The dwarves and Bilbo run into some stone giants, who are apparently dumb as shit because they randomly fight each other and chuck rocks at each other's heads, which makes me wonder how the species survives. After seeing this, and hearing Thorin bitch once again that Bilbo is a wimp, Bilbo is all, "You're right, I'm outta here." Of course, that's the time for them all to end up being trapped in Goblinville, for a giant fight to break out, for me to get super grossed out by the Goblin King--the movie does pretty very well, but it also does super ugly in more detail than I like--and Gandalf has to roll in once more to save the day. Bilbo, unlike the dwarves, falls to the bottom of the cavern or whatever and meets--oh goodie, my very favorite character, NOT-- Gollum the Schizophrenic. They have a riddle-off, Bilbo grabs The One Ring that falls out of Gollum's...whatever, let's not think about this too hard...., uses it to become invisible, and gets the hell out of there. Eventually, everyone ends up stuck on a tree, about to fall off a cliff, while orcs attack. Bilbo does heroically stop Thorin from being beheaded by Azog, so good for him.

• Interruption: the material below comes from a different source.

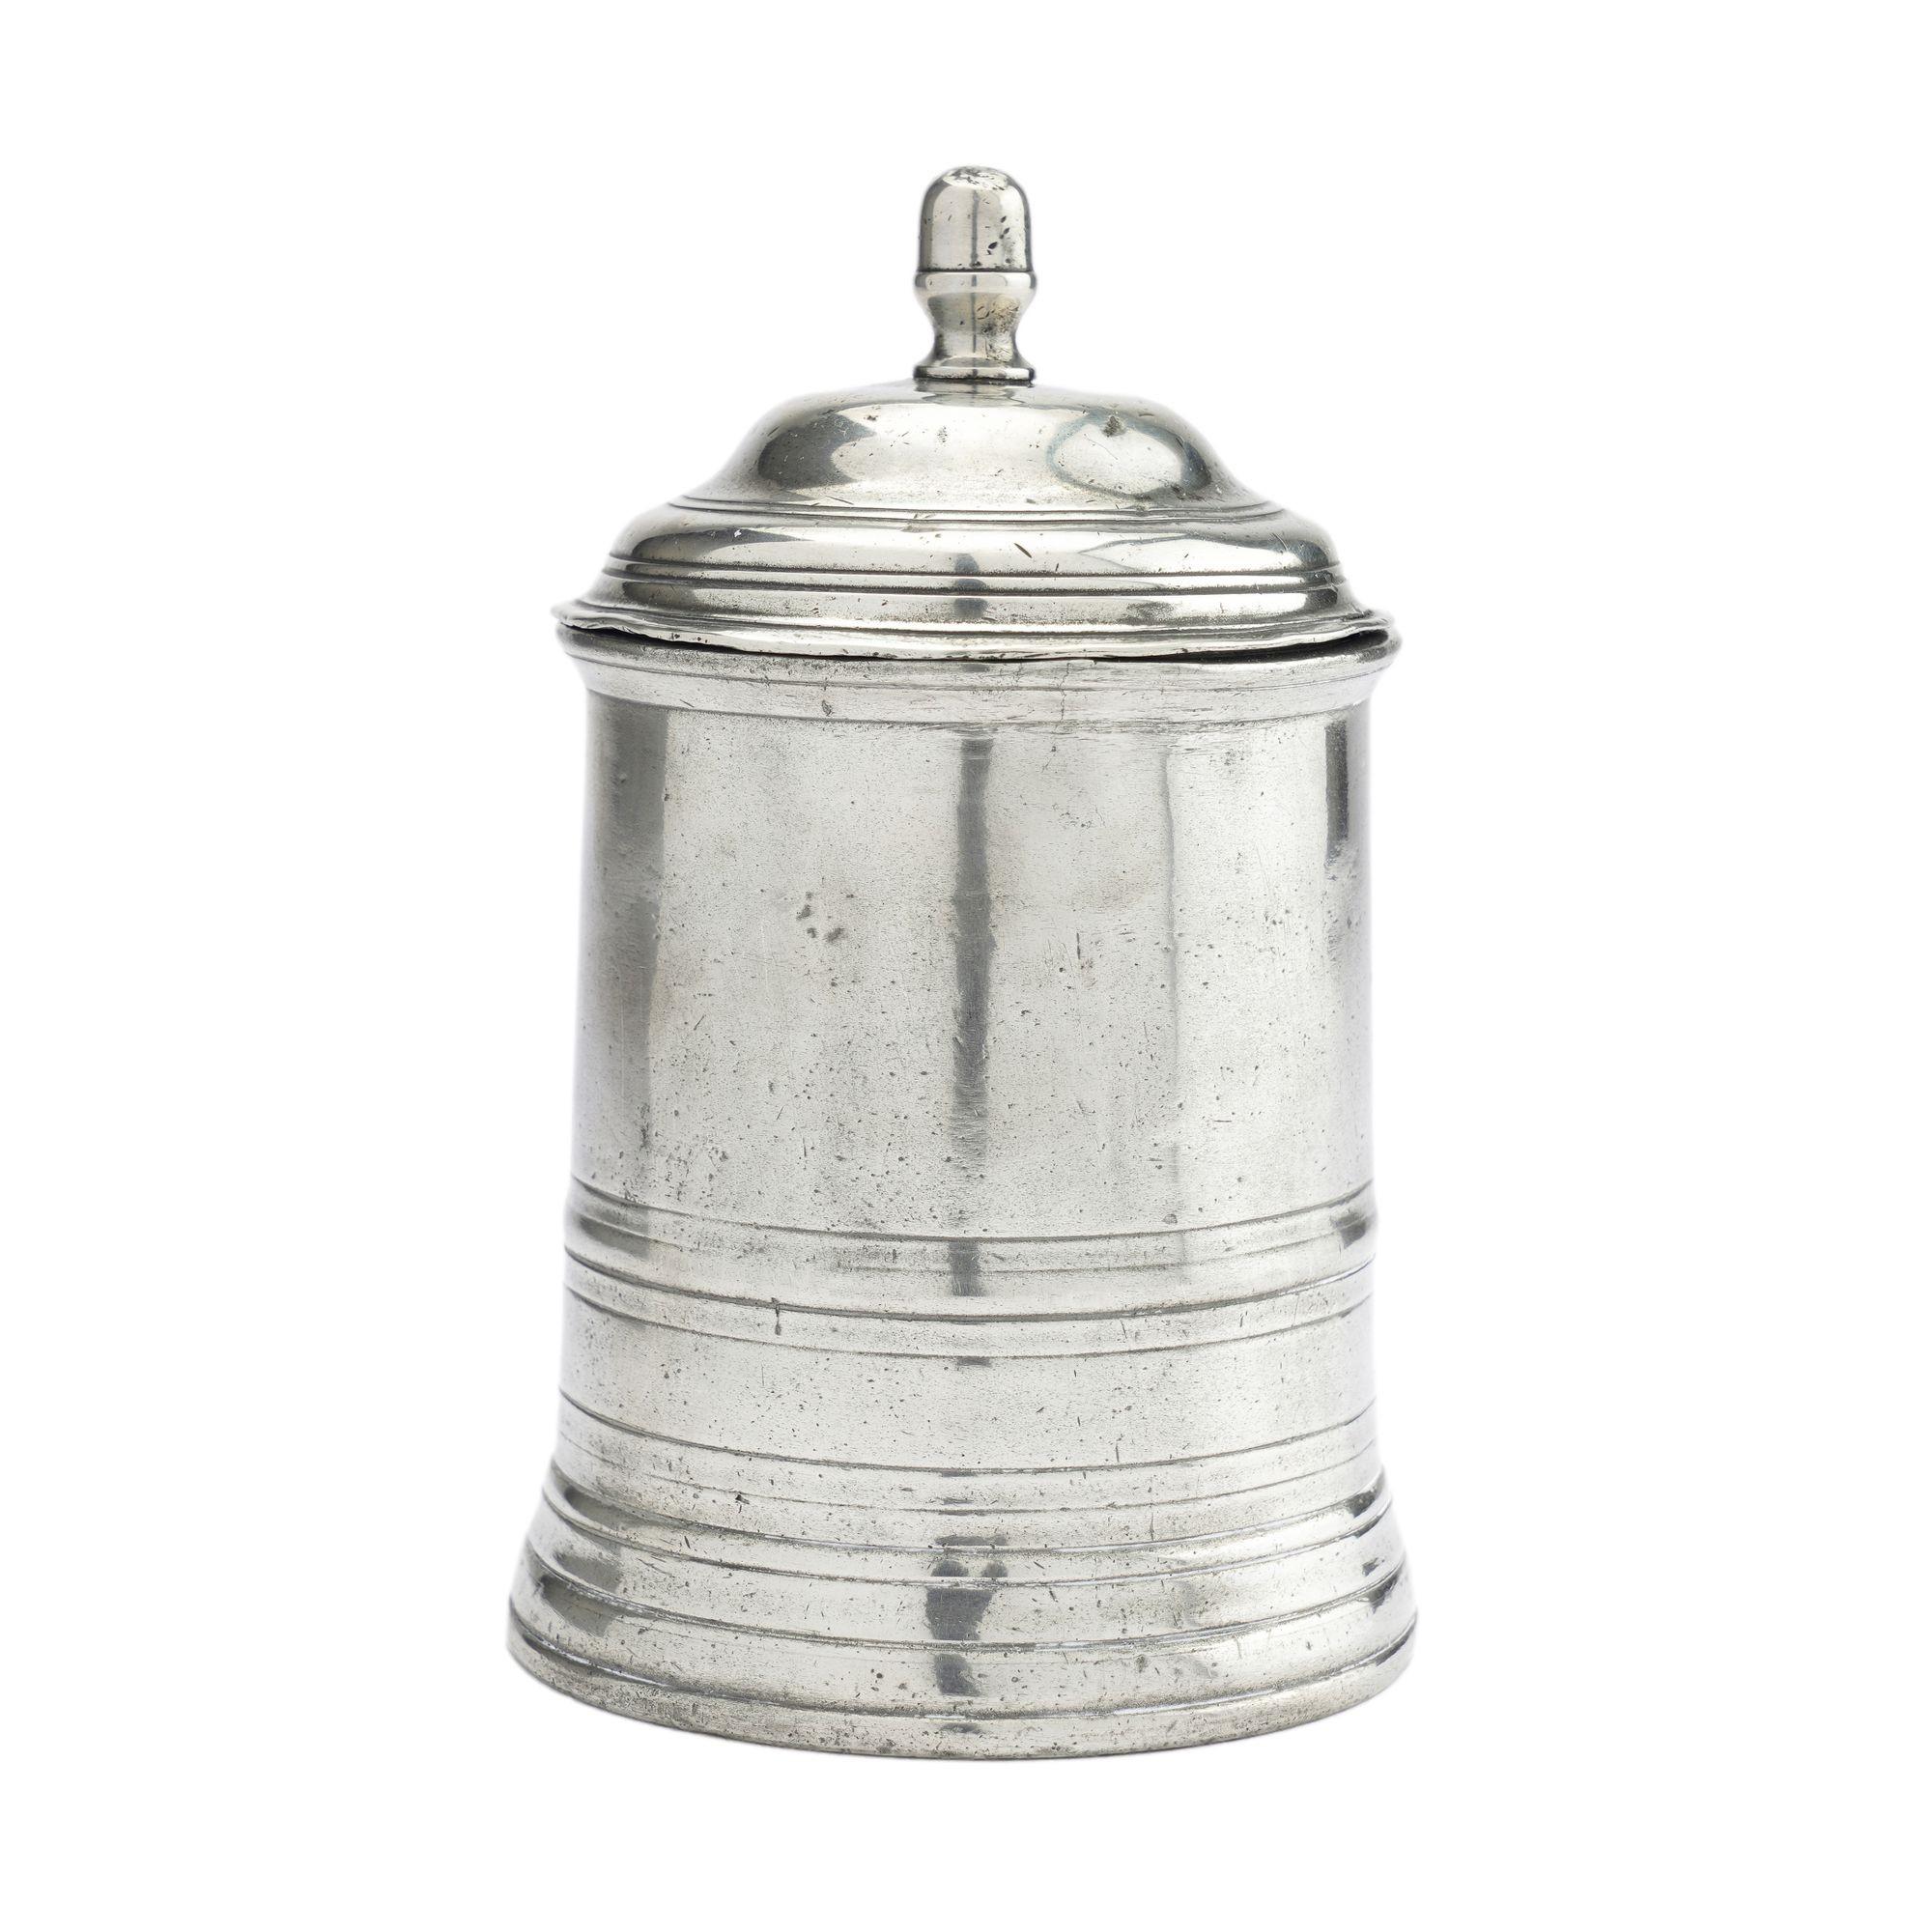 A rare George III pewter tea/tobacco canister. The beaded lip is repeated in ring moldings on the domed lid which terminates in an acorn finial. The canted base of the canister repeats the series of ring turned moldings. Engraved Palmer script
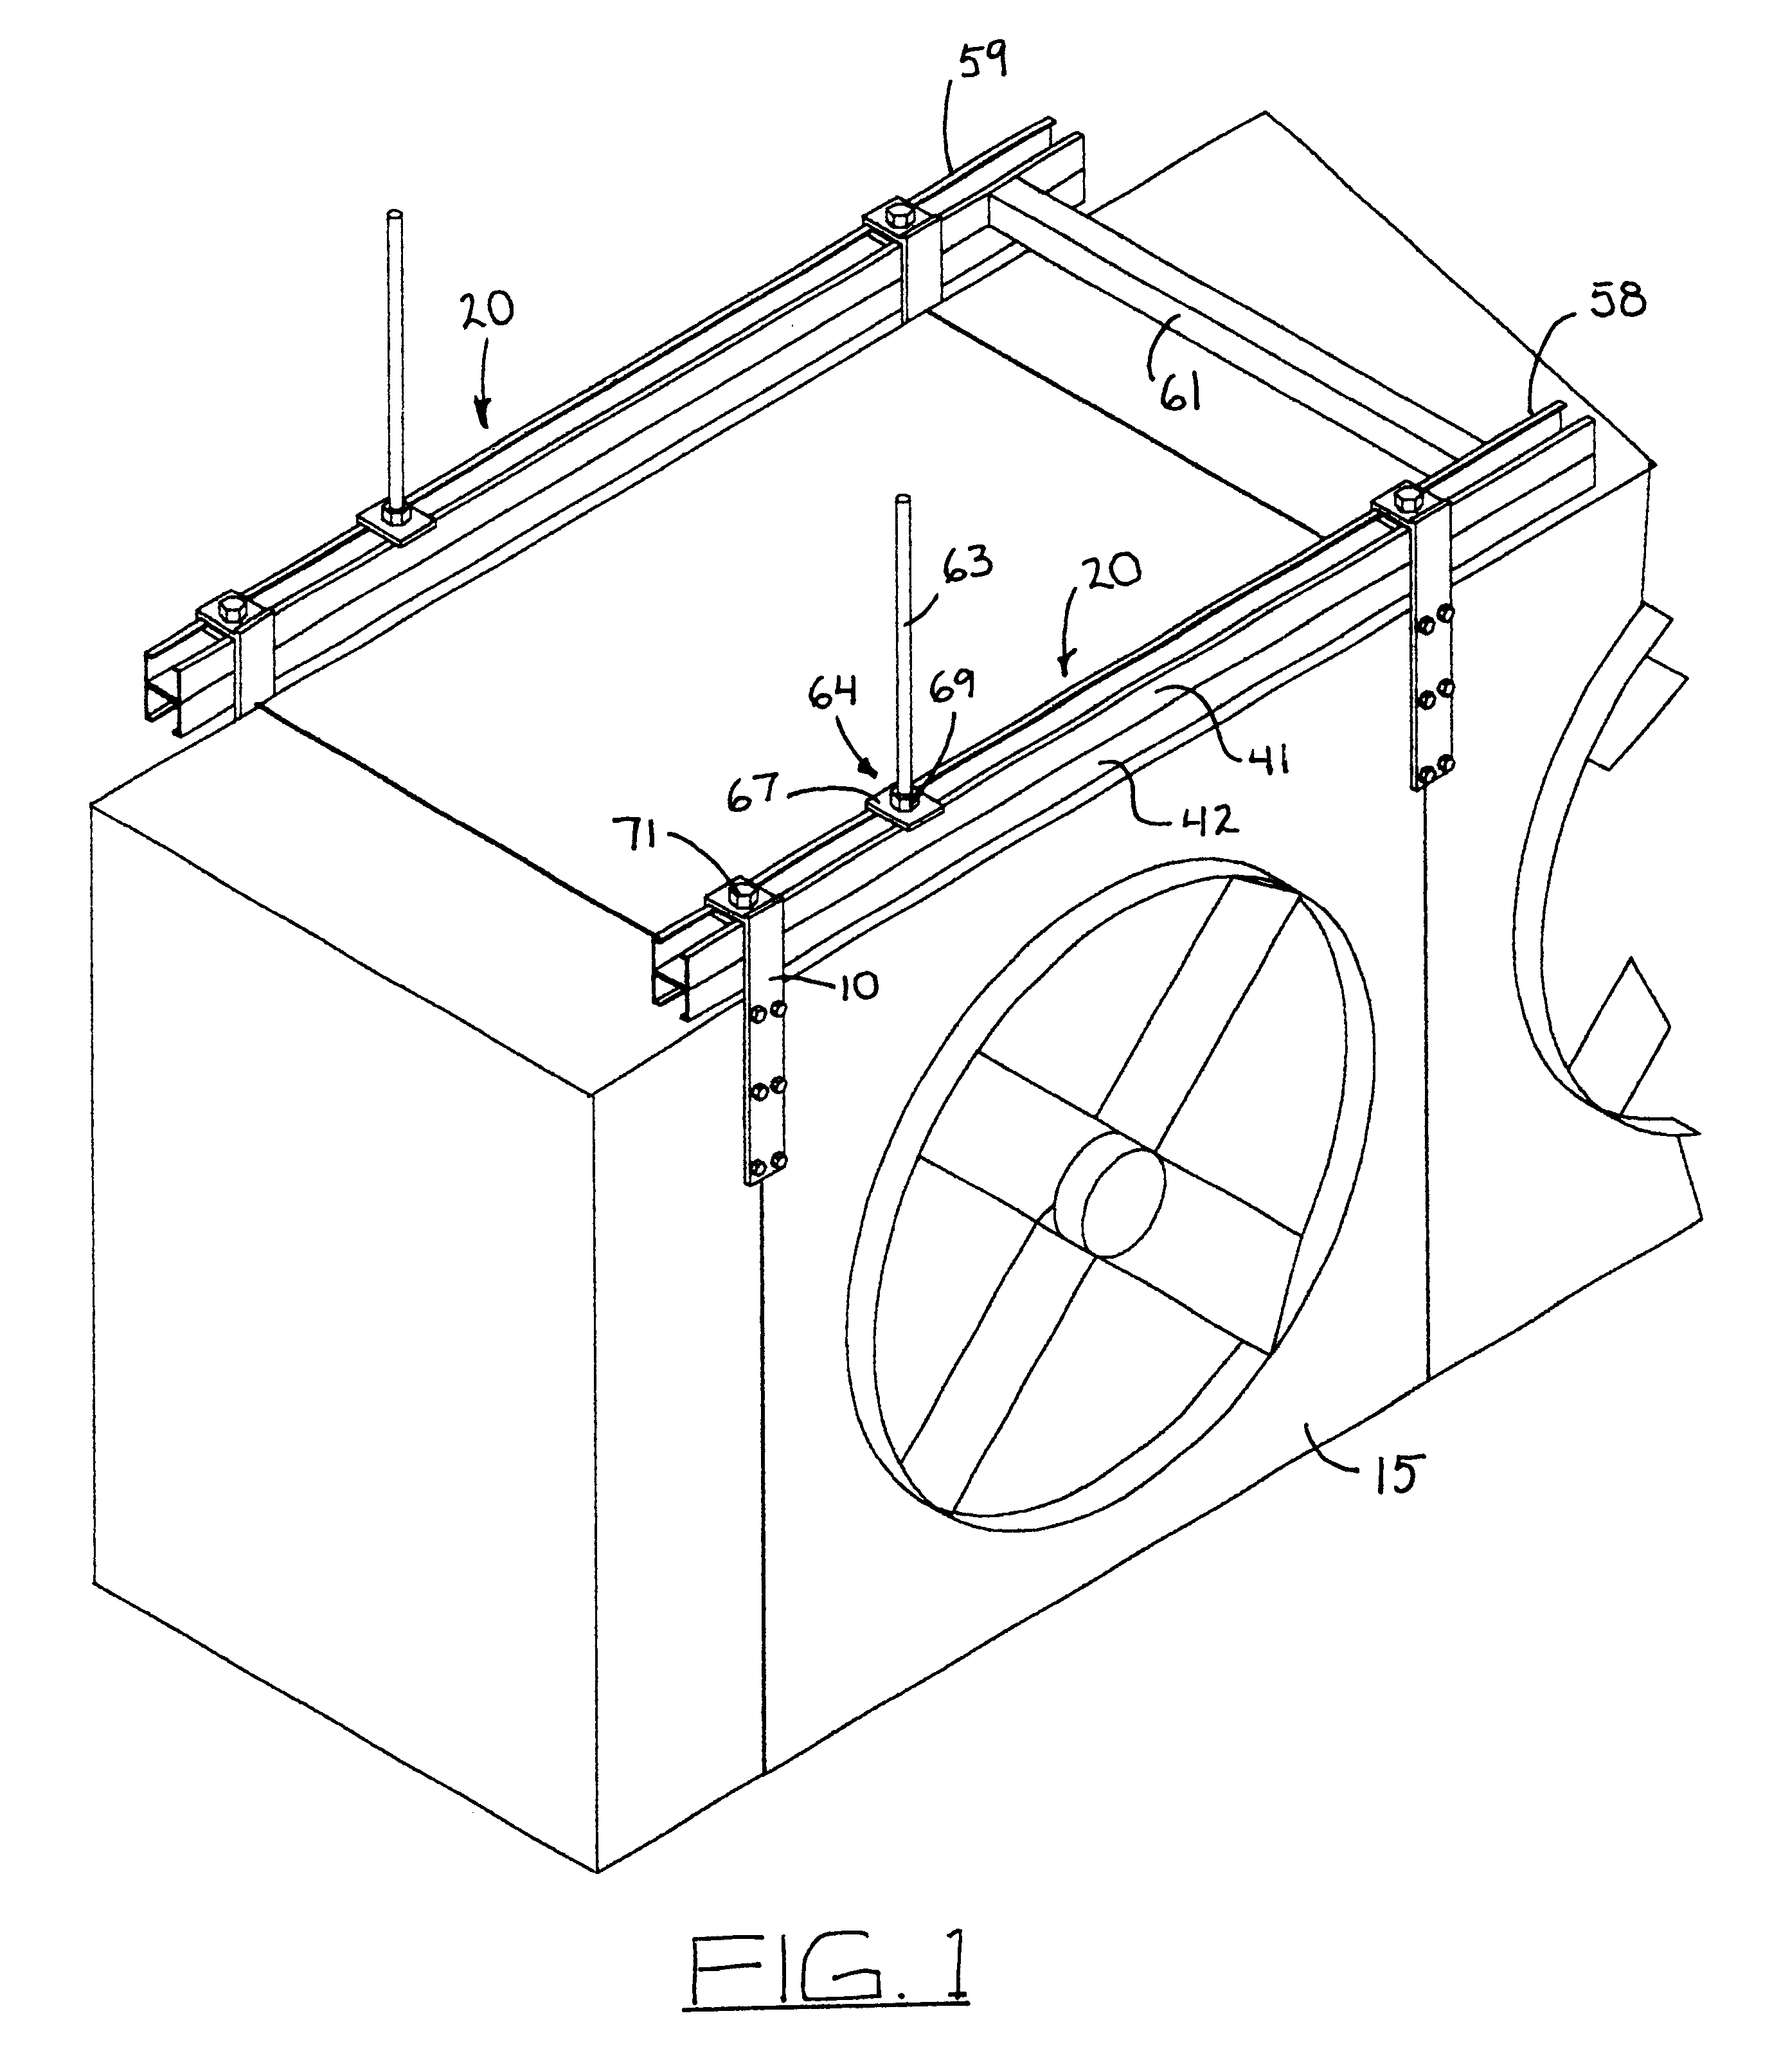 Hanger bracket for installing and supporting suspended equipment

Can i just say that the entire cast should be dead like five times over, with all the falls they do? Good thing we can figure they somehow don't have broken backs because they're of other species!

Anyhoo, Gandalf summons a butterfly to go summon some giant fucking eagles to fly them all out of there, and the movie ends with them finally seeing Erebor.... a looooooooooong way off. More walking to come....

Overall, I enjoyed it, though I was starting to lose interest and patience about the point where the ugly-ass goblins and orcs and Gollum all showed up. But I can't stand Gollum, so there you go. But they did manage to make it action-packed, so it seemed more interesting than it should have been for a regular book split into three and dragged out. Not bad. And they make the dwarves more personable and fun to hang around, and it's nice to see Bilbo grow up some.

After that, I went over to L's with them, where they cooked a Chinese food dinner and we watched episodes of Archer. I'd seen the first three episodes of it and...well, hadn't liked it as much as I thought I would. Mostly at the time I thought, "god, everyone's just a dumb asshole and they fight all the time and mostly I'm not laughing that much." But season two appears to be better--I was really cracking up at the "Archer gets breast cancer and goes on a rampage when he finds out he was on fake chemotherapy drugs, then goes on chemo DURING his rampage and guess how well that goes" plot. Maybe I'll go watch more of this?